In particular, while dynamic implementations of Hamiltonian Monte Carlo, i.e. implementations where the integration time is dynamic, do perform well over a large class of models their success is not guaranteed. When they do fail, however, their failures manifest in diagnostics that are readily checked.

By acknowledging and respecting these diagnostics you can ensure that Stan is accurately fitting the Bayesian posterior and hence accurately characterizing your model. And only with an accurate characterization of your model can you properly utilize its insights.

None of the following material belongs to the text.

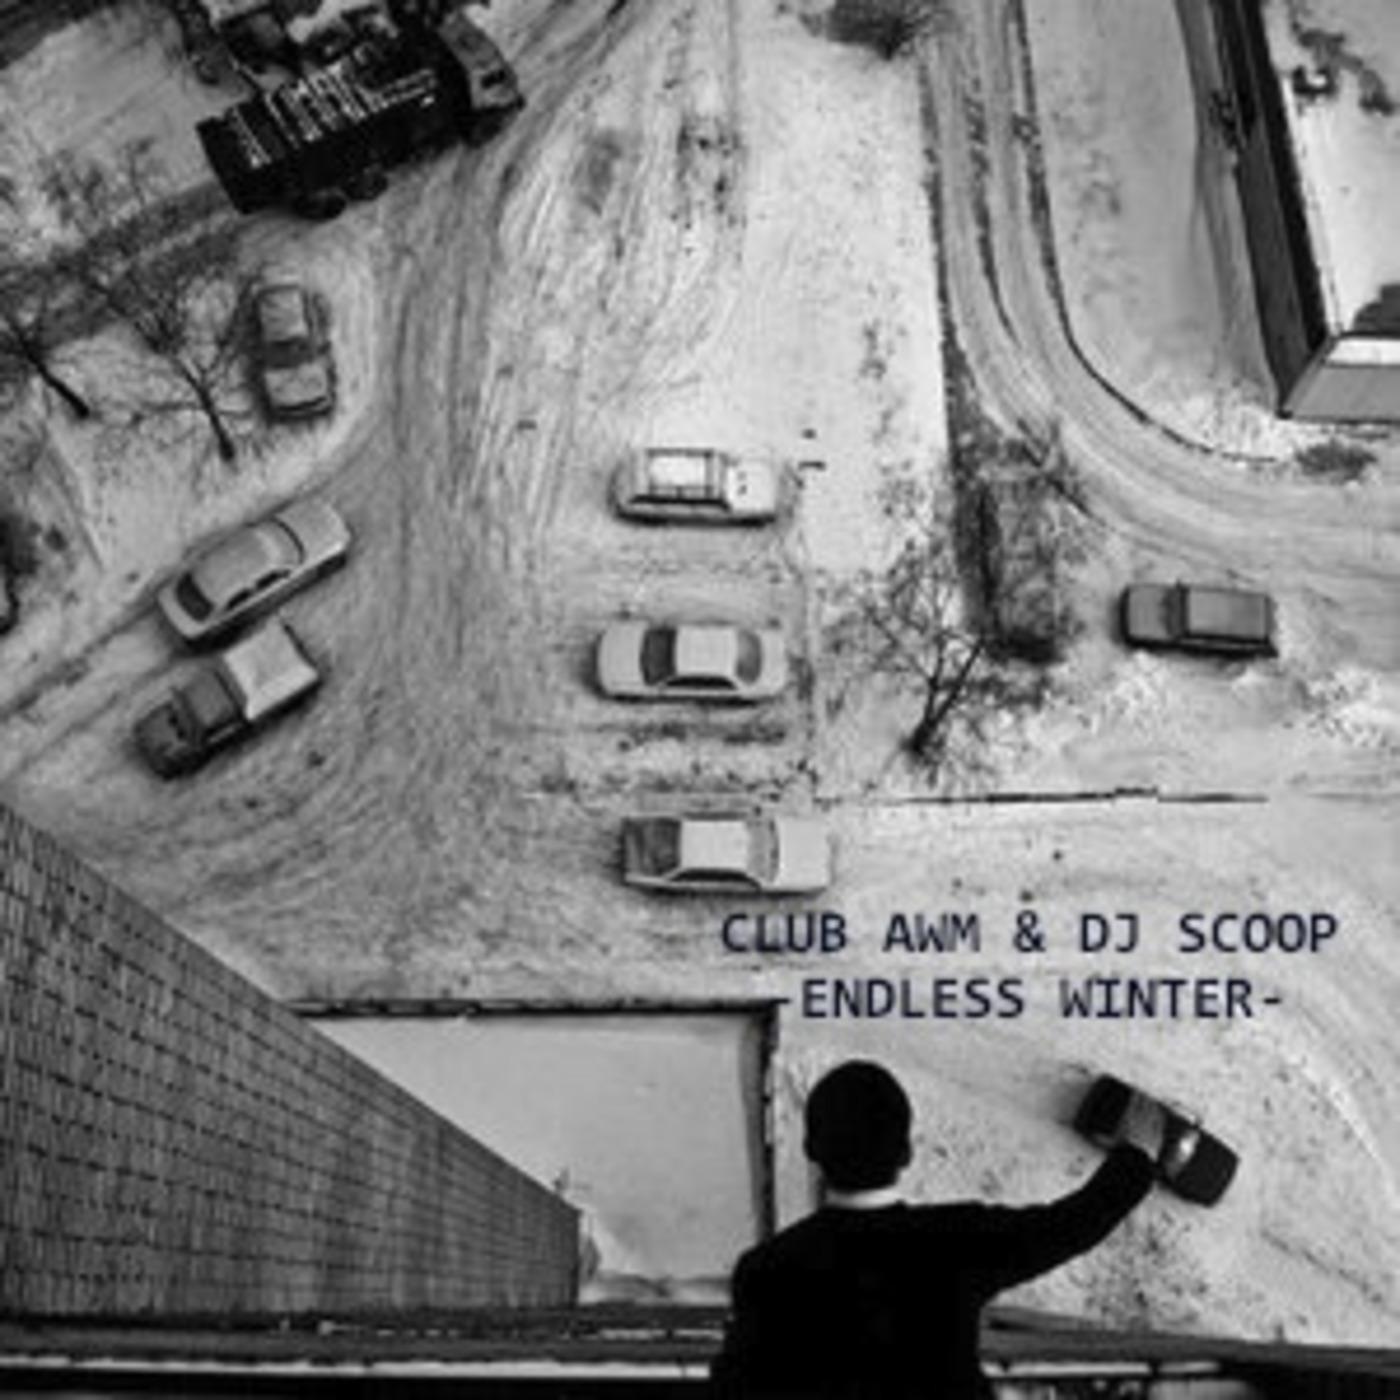 DJ Scoop's Radio Podcast

1 A Little Bit About Markov Chain Monte Carlo

Hamiltonian Monte Carlo is an implementation of Markov chain Monte Carlo, an algorithm which approximates expectations with respect to a given target distribution, \(\pi\), \[ \mathbb{E}_{\pi} [ f ] = \int \mathrm{d}q \, \pi (q) \, f(q), \] using the states of a Markov chain, \(\{q_{0}, \ldots, q_{N} \}\), \[ \mathbb{E}_{\pi} [ f ] \approx \hat{f}_{N} = \frac{1}{N + 1} \sum_{n = 0}^{N} f(q_{n}). \] Typically the target distribution is taken to be the posterior distribution of our specified model.

These estimators are guaranteed to be accurate only asymptotically, as the Markov chain grows to be infinitely long, \[ \lim_{N \rightarrow \infty} \hat{f}_{N} = \mathbb{E}_{\pi} [ f ]. \] To be useful in applied analyses, we need these Markov chain Monte Carlo estimators to converge to the true expectation values sufficiently quickly that they are reasonably accurate before we exhaust our finite computational resources. This fast convergence requires strong ergodicity conditions to hold, typically a condition called geometric ergodicity between the Markov transition and target distribution. In particular, geometric ergodicity is a sufficient condition for Markov chain Monte Carlo estimators to follow a central limit theorem, which ensures not only that they are unbiased after only a finite number of iterations but also that we can empirically quantify their precision, \[ \hat{f}_{N} - \mathbb{E}_{\pi} [ f ] \sim \mathcal{N} \! \left( 0, \sqrt{ \mathrm{Var}[f] / N_{\mathrm{eff}}} \right). \]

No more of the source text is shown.